Vidal et al. [13] reported that GH-producing adenomas had a significantly lower microvascular density than PRL-producing and NF adenomas, which is consistent with the lower EER and DER for GH-producing adenomas than for other adenomas. Di et al. [14] reported that functional adenomas showed a non-significantly lower microvascular surface area than non-functional adenomas. Similarly, this is consistent with our finding that GH-producing adenomas had lower EER and DER values than the NF adenomas. Takano et al. [15] reported that GH-producing macroadenomas tended to have significantly and non-significantly smaller vessel diameters and circumferences than PRL-producing macroadenomas and NF macroadenomas, respectively. This is also consistent with the lower EER and DER in GH-producing adenomas than in PRL-producing adenomas and NF adenomas.

Densely granulated GH-producing adenomas are often effective with somatostatin analogues and have a lower signal on T2WI [9], which is consistent with the lower T2 signal intensity ratio of densely granulated adenomas than in sparsely granulated adenomas. Wei et al. [16] reported that pituitary adenomas with a lower T2WI signal ratio of the tumour and pons had a higher collagen content. Moreover, differences in dynamic MRI contrast patterns were expected to result from histological structural differences. However, we found no difference in the WR, EER, and DER between densely and sparsely granulated types.

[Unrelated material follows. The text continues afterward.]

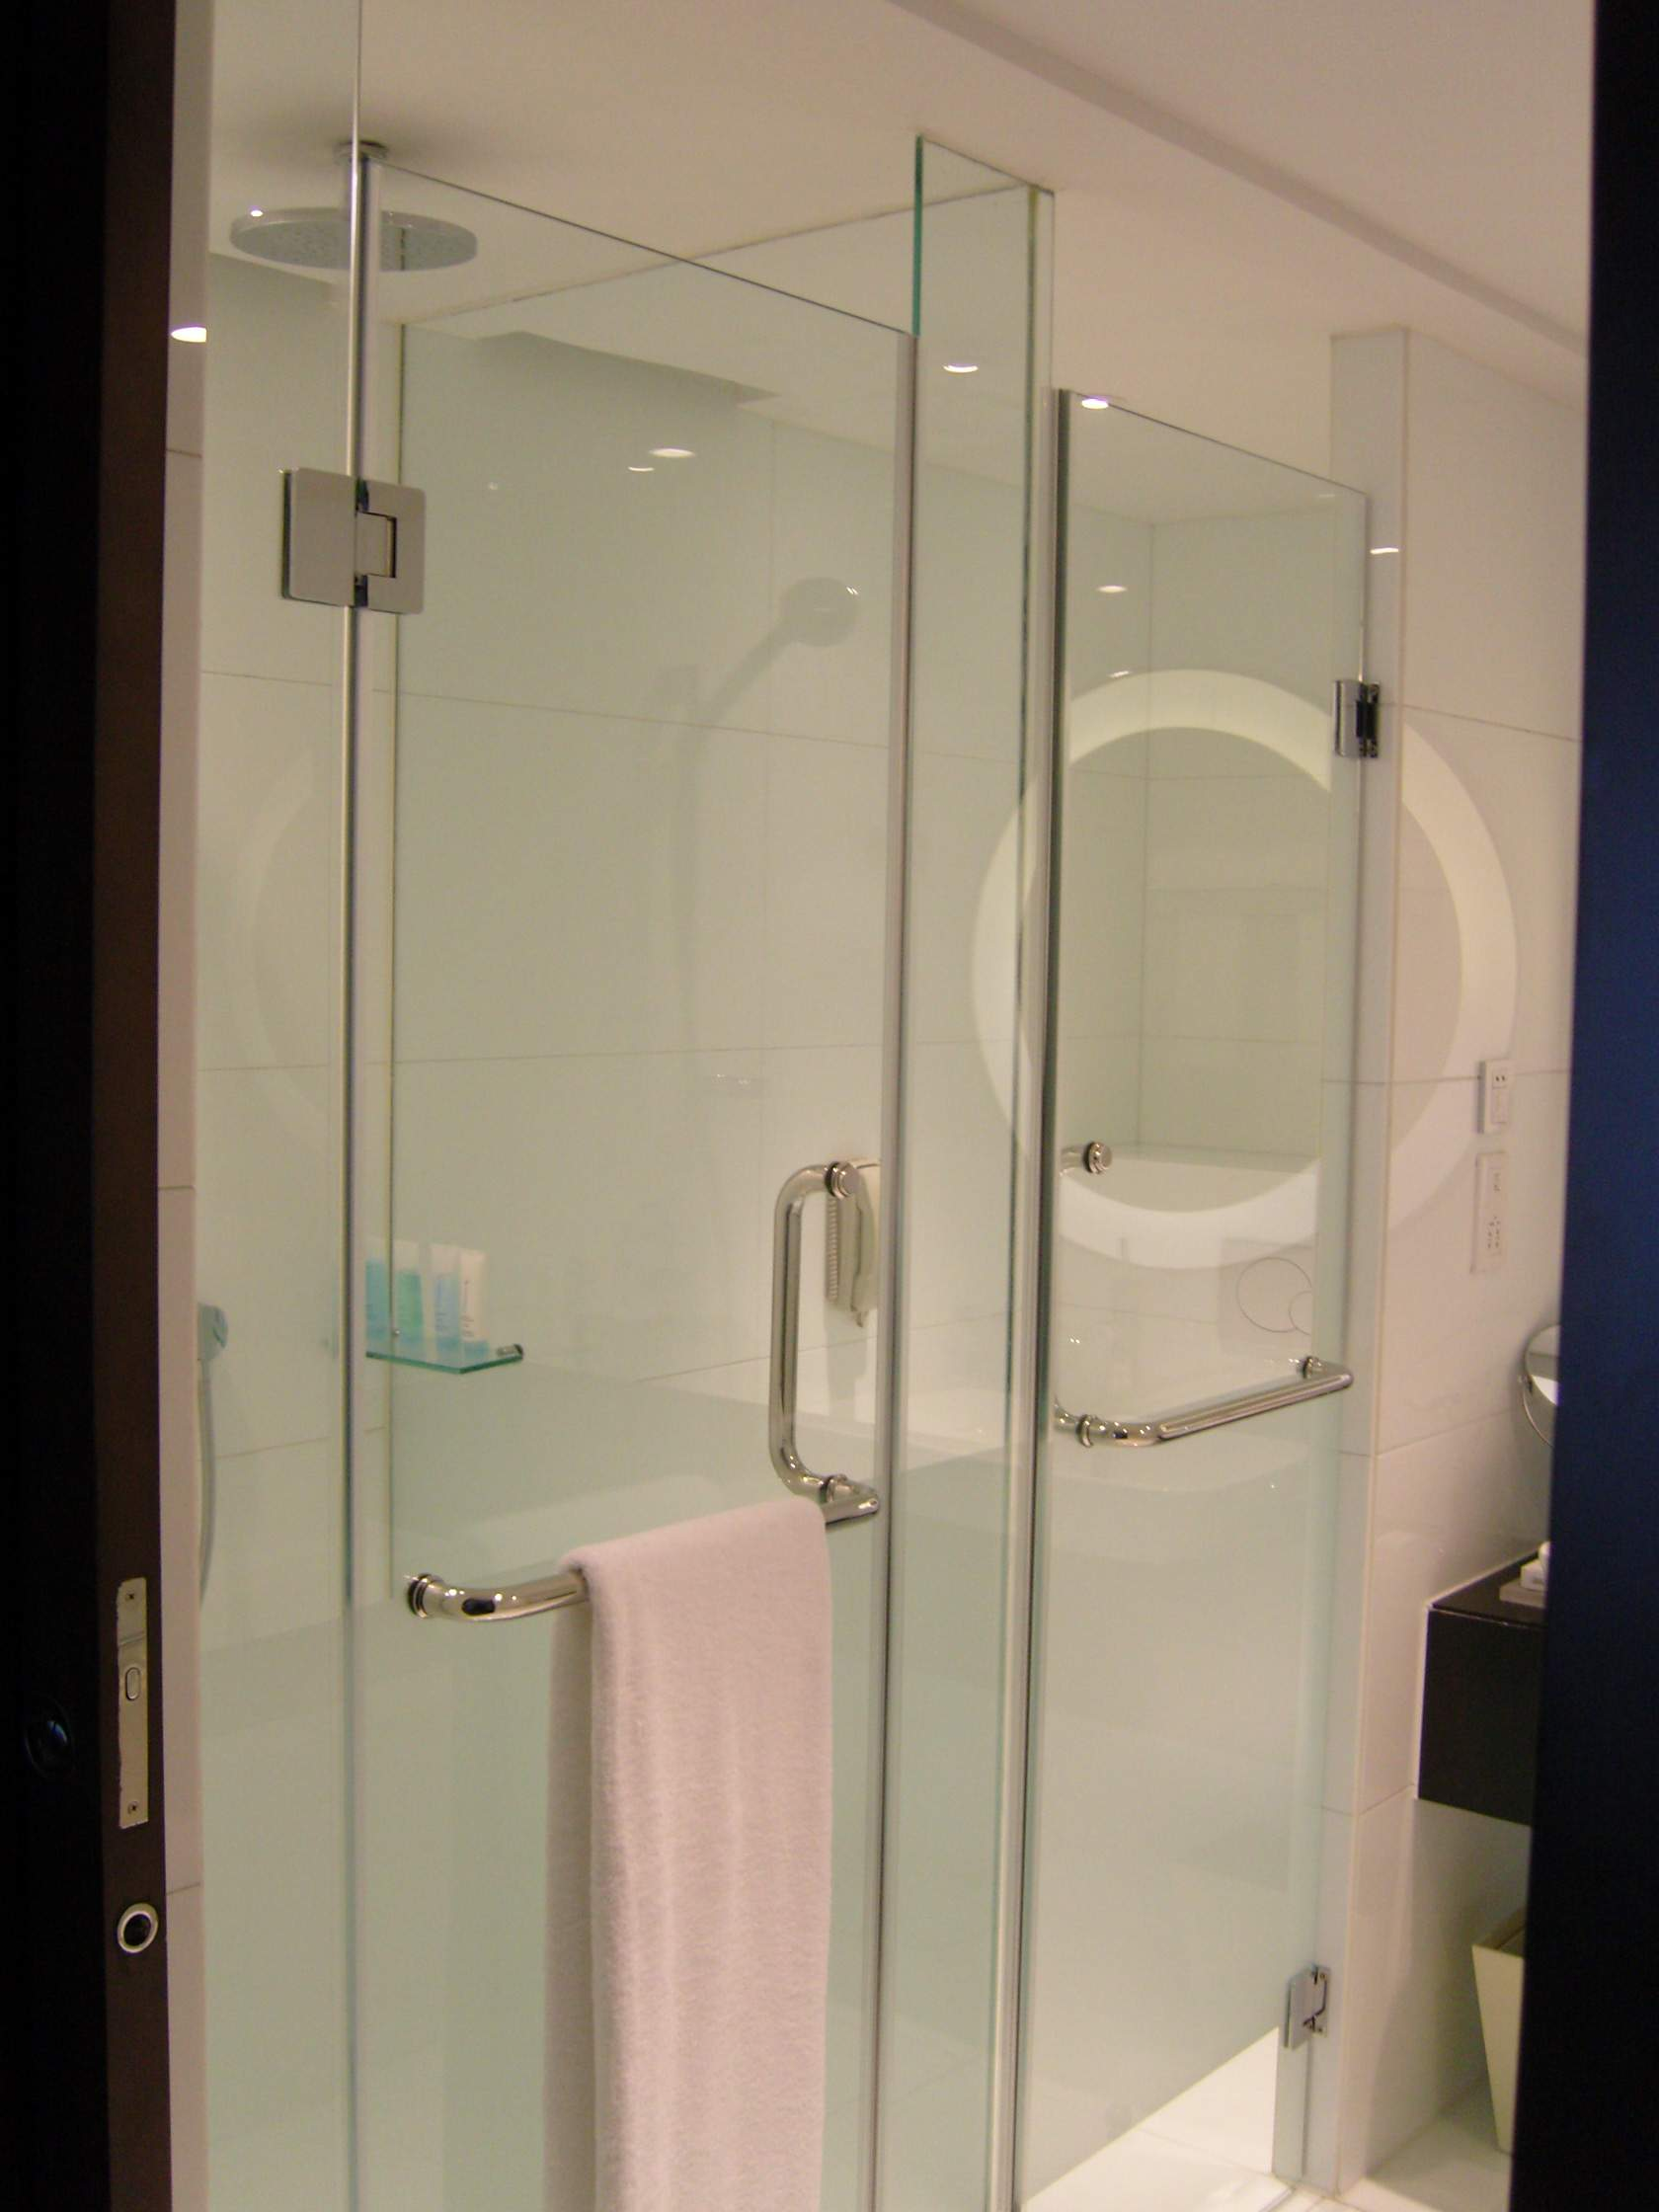 Shower Screen Specialist in Singapore - Frameless Design

Dynamic MRI is useful for detecting pituitary microadenomas, which are difficult to identify on non-contrast MRI, since the normal pituitary gland is very strongly contrast-enhanced, while adenomas show a relatively low intensity. However, we found that GH-producing adenomas had lower contrast enhancement than PRL-, ACTH-, and TSH-producing adenomas. This suggests that the latter adenomas could yield inferior contrast between the adenoma and normal pituitary gland compared with GH-producing adenomas when examining for microadenomas on dynamic MRI. Moreover, ROC analysis for differentiating between GH-producing and non-GH-producing adenomas showed high diagnostic performance, especially for DER. This suggests that it may be better to focus on the delayed phase, rather than the early phase when detecting and diagnosing GH-producing adenomas on dynamic MRI.

Limitations

The main limitation of this study is the mixed use of different imaging MRI systems. In addition, this study had a limited number of cases of PRL-producing adenomas due to many patients being on drug treatment at the time of referral to our hospital. Moreover, patients who were controllable through medical treatment did not undergo preoperative MRI, including dynamic study, at our institution.

Conclusion

Dynamic MRI could be used to predict GH-producing adenomas in pituitary adenomas. Compared with NF adenomas, PRL-producing adenomas, and other adenomas, GH-producing adenomas had a weaker enhancement pattern on the early and delayed phases. In addition, compared with GH-producing adenomas, PRL-, ACTH-, and TSH-producing adenomas could yield inferior contrast between the adenoma and normal pituitary gland when searching for microadenomas on dynamic MRI. It may be better to focus on the delayed phase, rather than the early phase for detecting and diagnosing GH-producing adenomas on dynamic MRI.